Press Release

Schumer, Gillibrand Announce Dozens of Counties in Upstate NY Eligible for Disaster Funding After this Year’s Drought-Damaged Crops Across the State

Oct 24, 2012

Today, U.S. Senators Charles E. Schumer and Kirsten Gillibrand announced that the U.S. Department of Agriculture (USDA) has designated 29 counties in Upstate New York as “primary natural disaster areas” and 21 “contiguous counties” that will be eligible for critical Farm Service Agency (FSA) loan assistance after the drought that decimated crops throughout the state starting in June. As damage assessments were completed throughout the state after the May freeze, Schumer and Gillibrand worked with Agriculture Secretary Tom Vilsack to put resources in place to assist farmers who lost crops during the freeze. As was the case after the freeze, this emergency declaration for counties with severe crop damage would make farmers in those counties eligible for emergency disaster loans to mitigate the cash flow problems that occur after crops are lost due to inclement weather. Due to the damage to farms across the state, Schumer and Gillibrand applaud the USDA’s swift implementation of the state’s request for an emergency declaration to make aid available to impacted farmers as soon as possible.

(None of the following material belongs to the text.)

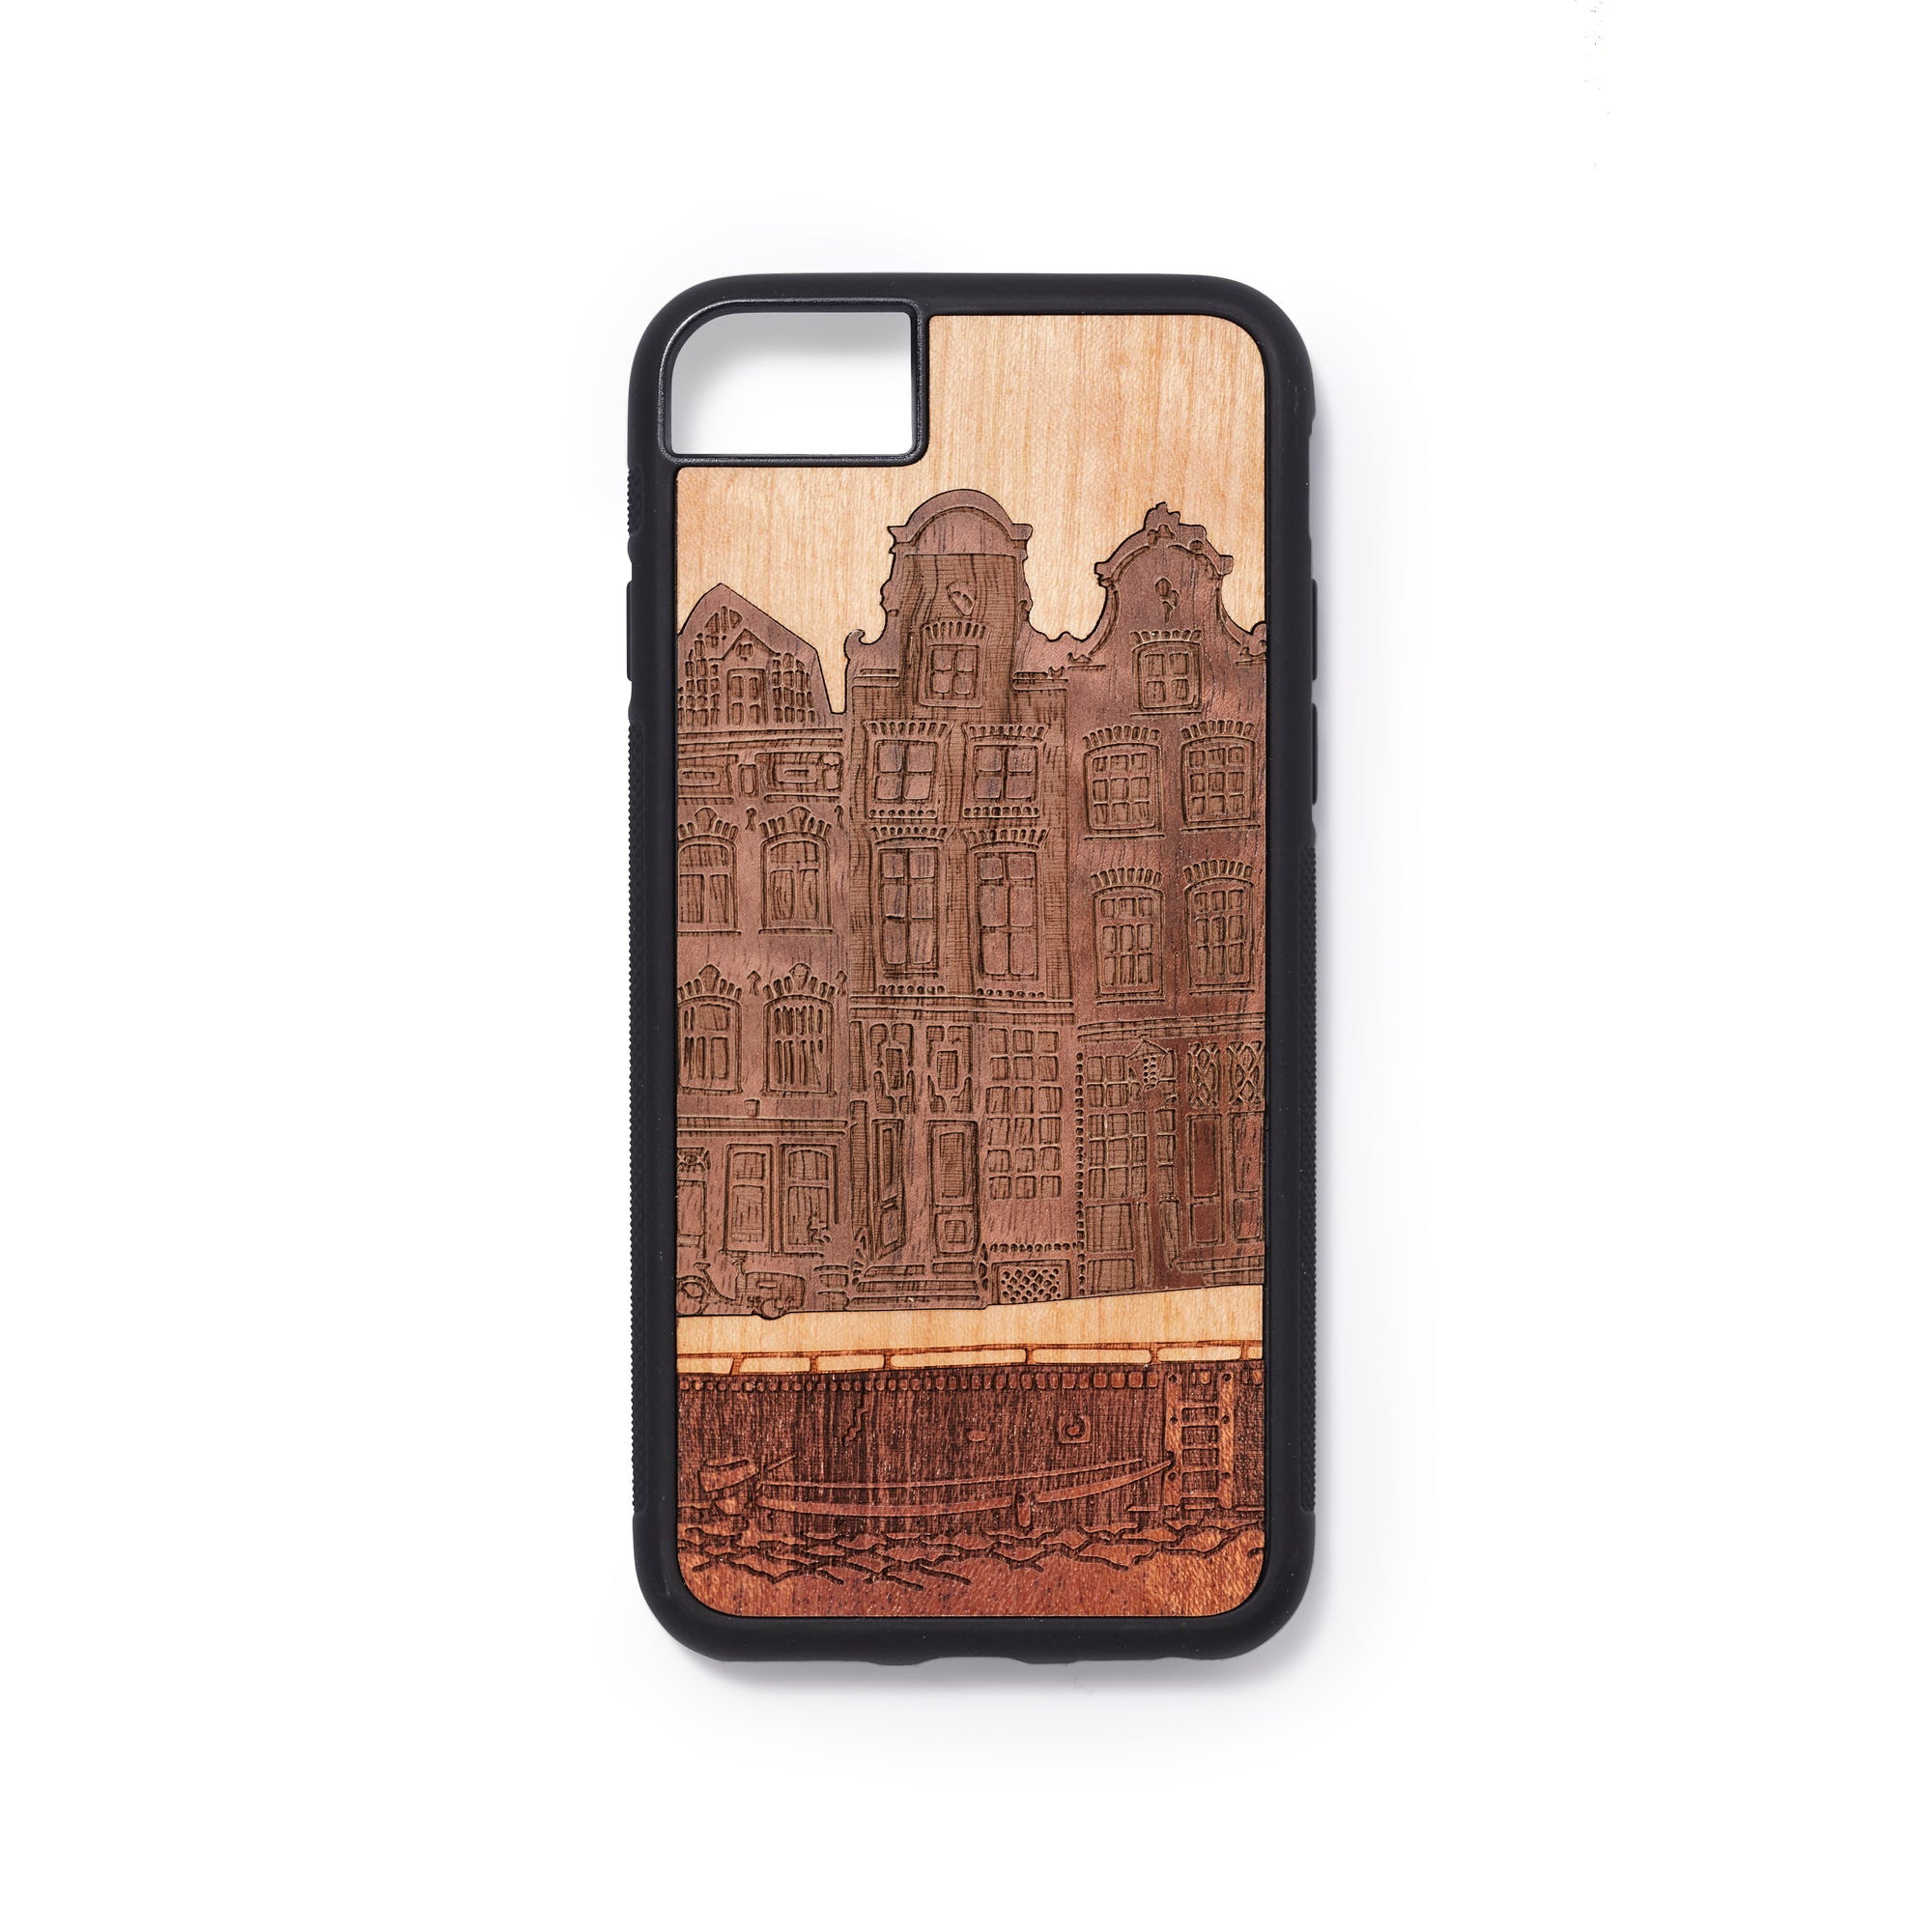 Wooden Iphone 6,7 and 8 back case house design - Woodstylz

“After Upstate New York weathered a severe drought this summer, the federal government heeded my call to not leave our farmers high-and-dry when they granted 50 counties access to disaster funding,” said Schumer. “I applaud the U.S. Department of Agriculture for swiftly assessing the damage to crops throughout the state following the drought, and coming through with disaster designation when our farmers needed it most. Whenever a disaster strikes and hurts agriculture businesses in Upstate New York, I will continue to work with the federal government to ensure our famers have all the tools they need for healthy crop production.”

“For New York State’s economy to grow, we need our farms to thrive,” Senator Gillibrand said. “Still recovering from last year’s back-to-back natural disasters and a late spring frost, the summer’s drought was just the latest drain on our farms’ productivity. America has always stood by those who are suffering and helped them to rebuild. These disaster declarations will open the door the assistance our farms need so they can get back to business, and keep our agricultural industry on the move.”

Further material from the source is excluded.